The What is Data Science Series

I think it is worth having a look... it is hard to follow as the sounds is really bad, but you will have the perspective of 4 business practicians (managers) talking about:
  • What Data Science is and the different forms of the role
  • What they expect from a recruited Data Scientist
  • What the regular job of a Data Scientist is
  • etc
evaristoc
@evaristoc
Aug 18 2016 11:53

People

Few Advices from Data Scientists if we are trying exercises

I was in contact with some people at skale.me, privately and publicly; here some suggestions:
  • try to put a strong focus on ETL (Extract-Transform-Load) aspects of the job, something that it is not very much considered at the different courses but that it is in fact a very important aspect of the whole (Big) Data analysis (I can say I agree with that claim...)
  • we can keep it simple and run everything locally; I would say this is more our decision in case we want to experience with complex settings
  • Victor Millan, the person in the skale.me video, got an error when working with Hadoop instantiation in one of the exercises that ended affecting its computer, so we possibly have to be careful with Hadoop!!
Lightwaves
@Lightwaves
Aug 18 2016 17:46
OK Here is a question did anyone run into this issue
blob
Lightwaves
@Lightwaves
Aug 18 2016 17:52
Based on the output my code would have passed but it's weird the module isn't found. It's also weird to get used how select is used in spark. Trying to wrap my head around it.
Lightwaves
@Lightwaves
Aug 18 2016 18:00
nvm I went too fast the library wasn't installed
I was able to pass the test after installing the library with the instructions from lab 0 so back to going through it
evaristoc
@evaristoc
Aug 18 2016 20:09
:+1: @Lightwaves
evaristoc
@evaristoc
Aug 18 2016 20:21

People

One recommended e-book at Piazza about Data Science

A book I was pointed to was exactly the same book that @erictleung was suggesting above!: "Computational and Inferential Thinking: Foundations in Data Science". The e-book will take you into the lessons they gave at Berkeley, with videos and slides.
Lightwaves
@Lightwaves
Aug 18 2016 20:43
I just finished the lab it was pretty interesting I just need to submit it to the autograder
Quincy Larson
@QuincyLarson
Aug 18 2016 20:44
This message was deleted

@/all Stack Overflow released the full dataset from their survey! You can download the 5mb .csv file here: https://drive.google.com/uc?export=download&id=0B0DL28AqnGsrV0VldnVIT1hyb0E

I am writing an article about the pros and cons of working remotely. I have two questions these data could answer:

  1. What is the difference in salaries between people who report working remotely and people who don't?

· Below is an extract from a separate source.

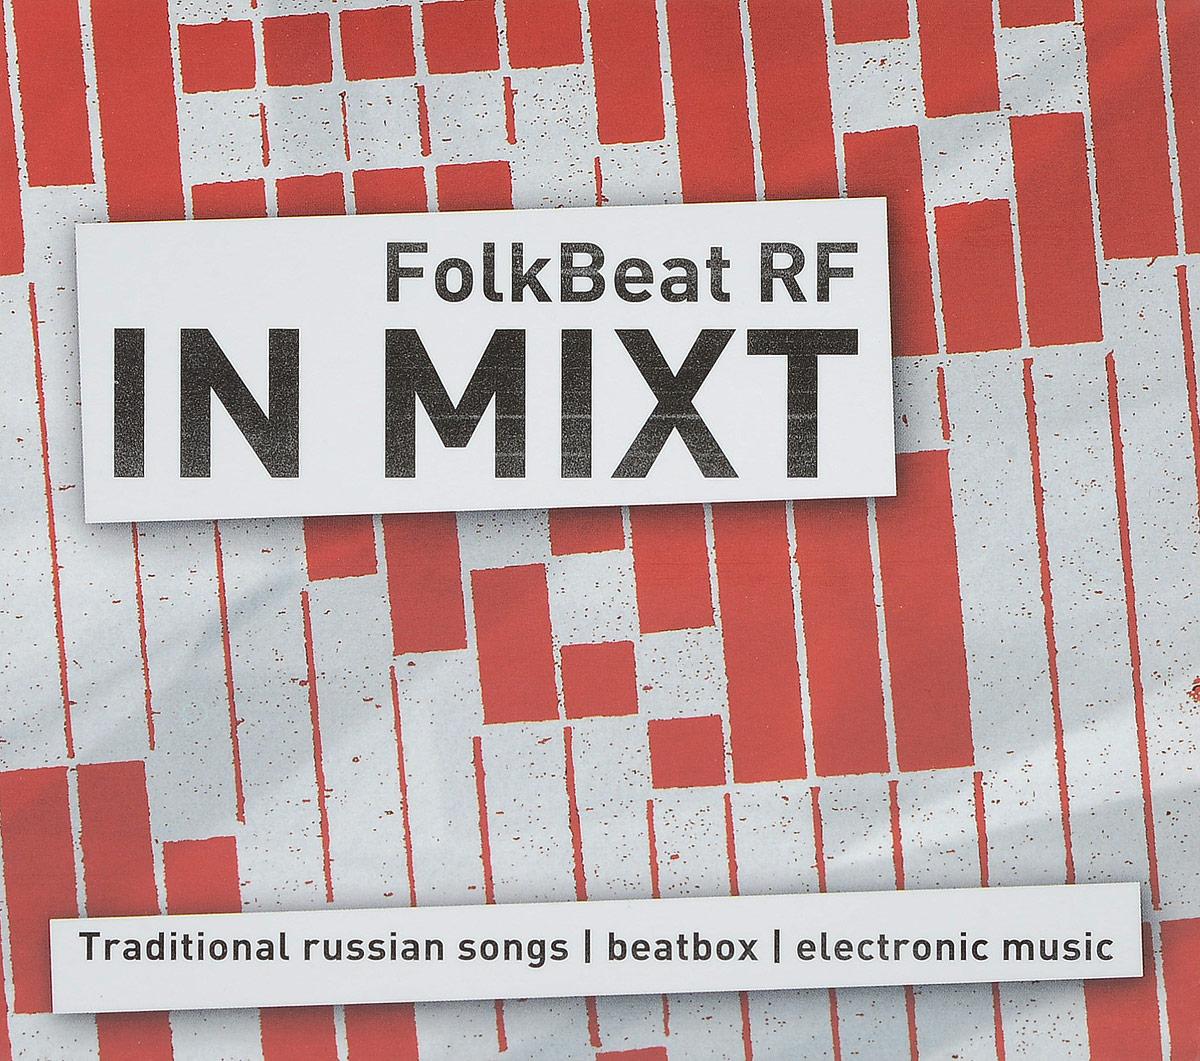 FolkBeat RF - это традиционное славянское многоголосие, окруженное электронной аранжировкой, близкой к стилям IDM, trip-hop, dubstep, hip-hop, trance, и живым грувом, который создает Beatbox. В альбоме «IN MIXT» представлены песни разных времен и разных регионов России, древние и современные, фольклорные и авторские произведения группы FolkBeat RF.

  2. What if the developer is in a different country than the company they work for - how does that impact salary?

Does anyone have a moment to find answers for these (and maybe even make a visualization?) I will credit you in my Medium article and link back to your personal webpage or Twitter account.

evaristoc
@evaristoc
Aug 18 2016 20:53
:+1: @QuincyLarson !
People: We can use this channel to see what comes from the analyses!
Quincy Larson
@QuincyLarson
Aug 18 2016 23:08
@evaristoc I have a feeling there are many, many insights that could be drawn from this dataset. 50k respondents and very few of the questions overlap with the New Coder Survey.